While working as a small town reporter, I attended a reading and talk Saunders was giving at Colgate University in November of 2005. A snowy, nasty Syracuse-weather night, the attendance was embarrassingly small. The hour-long evening begins with George reading a story called "The End of Firpo in the World," also in Pastoralia , the seed of which came from him seeing an errant young boy walking precariously near traffic in a major Syracuse grocery market. As the protagonist, Cody, dies in the street, a stranger tells him "You are beautiful. . . .God loves you, you are beautiful in His sight," dumps us on our emotional face after a free-fall laugh ride, indeed delivering a weird kind of grace. I had my voice recorder and captured the night, and George graciously is allowing us to present it to you here, along with his interview on streaming media, at Our Stories. Listen until the end, even if you must bite it off in chunks--it is some of the most distilled wisdom about writing I've encountered.
We're proud to present to you a slice of George Saunders, modern master of the short story, along with six new stories in our third issue. At Our Stories, we nurture your work because we love fiction. If it's not ready, we send it back with comments and encourage editing and revision--and revision--until it is ready. George addresses the subject of going over and over one's work, even if it mutates, to get to its best final form in his interview. In fact, he sent us a revision of the transcript of his answers before we went to print. Walking the walk. Doing the work.
The interview questions were done byAlexis E Santi, JK Mason, Colin Thornhill and Josh Campbell and took place online with George Saunders in late January.
We really appreciate you taking the time to do this interview George. We know you're busy these days.
Considering that you have a new book out, and your MacArthur prize is still piping hot, can you give us a day in a life of George Saunders. I mean the fame, the fortune; you're not wintering in Tahiti and sipping on martinis, uhh, are you?
-- It's pretty basic: get up, help my daughter get ready for school, start writing, write all day, pause to consider going to the gym, falter, go back to writing. Then dinner. Watch TV. Consider going to the gym. Stand in the door of my writing room, wishing it was morning so I could go in and start writing again.
-- After you did your MFA at Syracuse you headed west on the thruway and landed in Rochester and worked for Radian International. I'd like to hear about these Rochester days, post-MFA at 'Cuse, what that world was like in respect to your writing life. Of course, this question is purely out of self-interest as I'm now in the post-MFA world.
-- I was basically doing tech writing, and trying to get in a little writing time every day, at work mostly. Although there were lots of variations in this pattern, since that time was about 7 years long.

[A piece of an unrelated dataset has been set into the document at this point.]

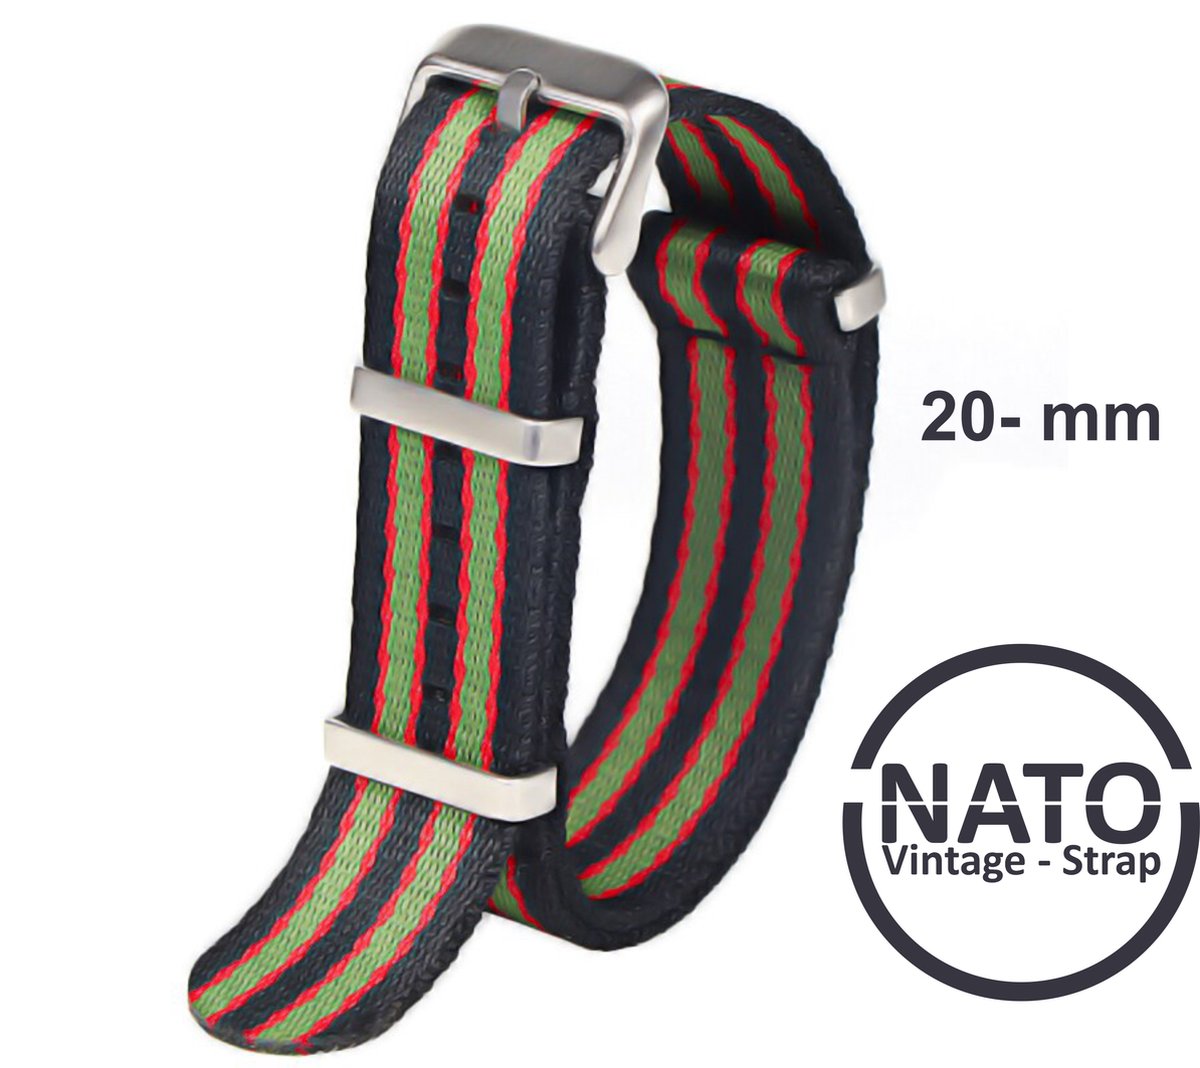 20mm Nato Strap Groen Rood Zwart gestreept - Vintage James Bond - Nato Strap collectie - Mannen - Horlogebanden - 20 mm bandbreedte

But we have two children, who were little then, so I was just making a living, really, and trying to not totally flush my idea of being a writer. And it turned out to be a really deep time - the corporate/engineering work that I thought was just a distraction ended up being, in a distorted way, the topic of the book. I sometimes think this idea we have about needing infinite undisturbed writing time is wrong - it was for me, anyway, back then. The restriction served to focus things a little. Knowing I only had 20 minutes a day or whatever helped me to put aside a lot of wasteful ideas and habits.
--This and the following question was submitted by Collin Thornhill.

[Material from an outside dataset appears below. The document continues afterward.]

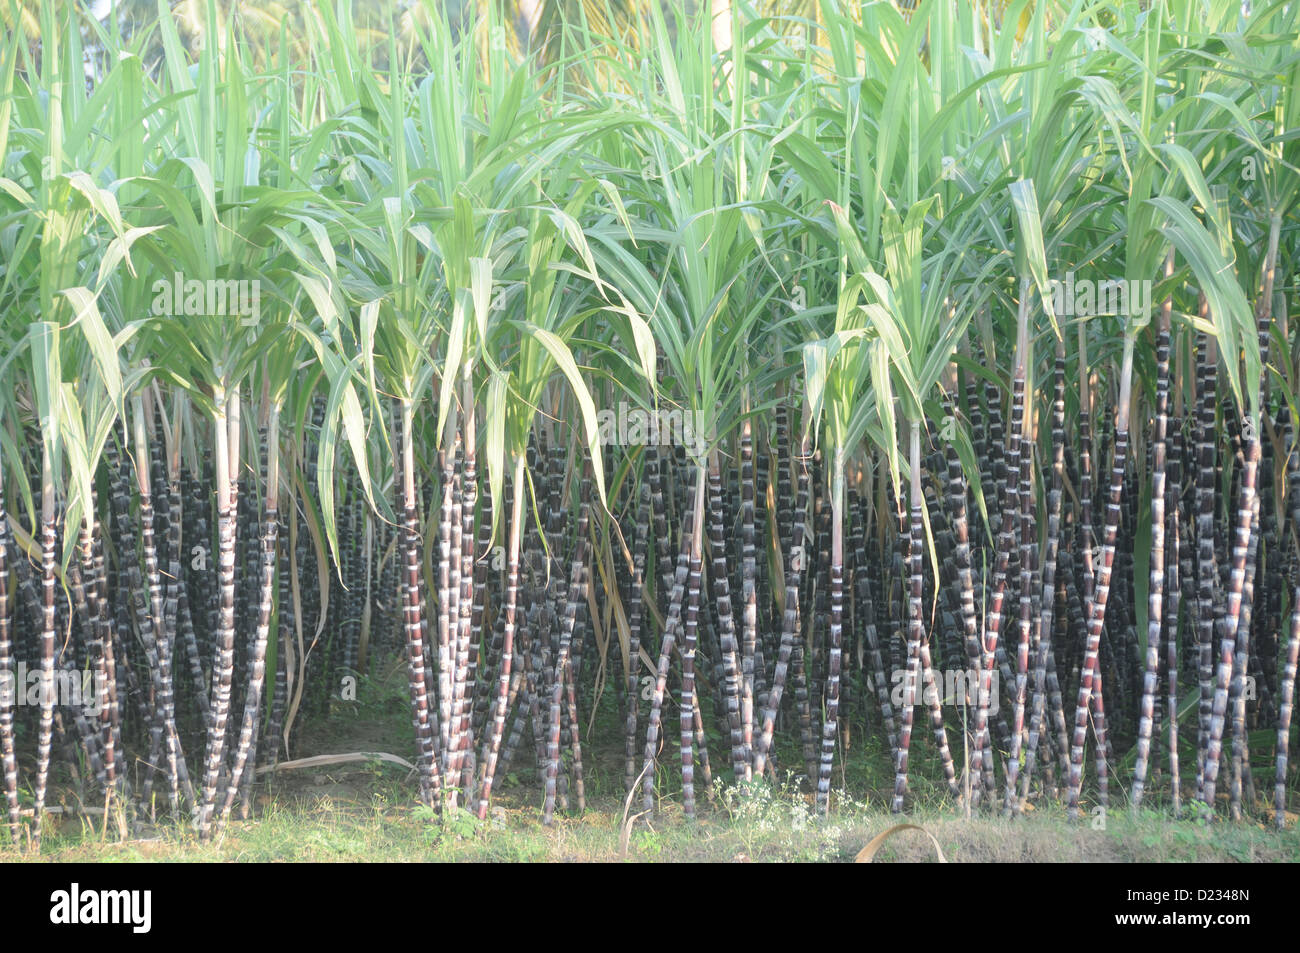 A Sugarcane Farm at Erode, Tamil Nadu, India Stock Photo

"The New Mecca" is one of the nonfiction pieces you've written. Besides the obvious answer, how does the process of writing nonfiction differ from fiction?"
-- I think the normal process is reversed. In fiction, you're kind of experimenting with language to find out what happens. In non-fiction, you know what happened, and are trying to make it interesting through language. So I find it enjoyable to have a template - a template of the actual - to work within. You sort of lay out all the things that happened during the reporting period (which in the case of the Dubai piece was about 10 days) period, and then start throwing out the stuff that doesn't write well. And it's interesting that the stuff that writes well turns out to be the 'important' stuff - that is, the stuff that affected and changed you. Kind of mysterious. Soon you can see the outline start to form, and then you start polishing that. In fiction it's much more step-wise: fart around with a scene for many days, until it sprouts something that leads you to the next thing.
-- The scene dealing with your ATM troubles provided the most tension in that piece. Was that a scene you found difficult to keep under three pages?
-- I don't remember it being difficult - I think by that time I sort of knew which incidents I had to fit in, and could back-calculate to say: Huh, so I only have 3 pages for this, so have to write it at such-and-such a pace. This is what I like about the non-fiction pieces (I've written two more since, both for GQ): It's very practical - they give me 10,000 words and I have to make it work. And you learn that, if you really have to, you can take a 4 page riff and get it down to half a page - trimming all the inessential things away.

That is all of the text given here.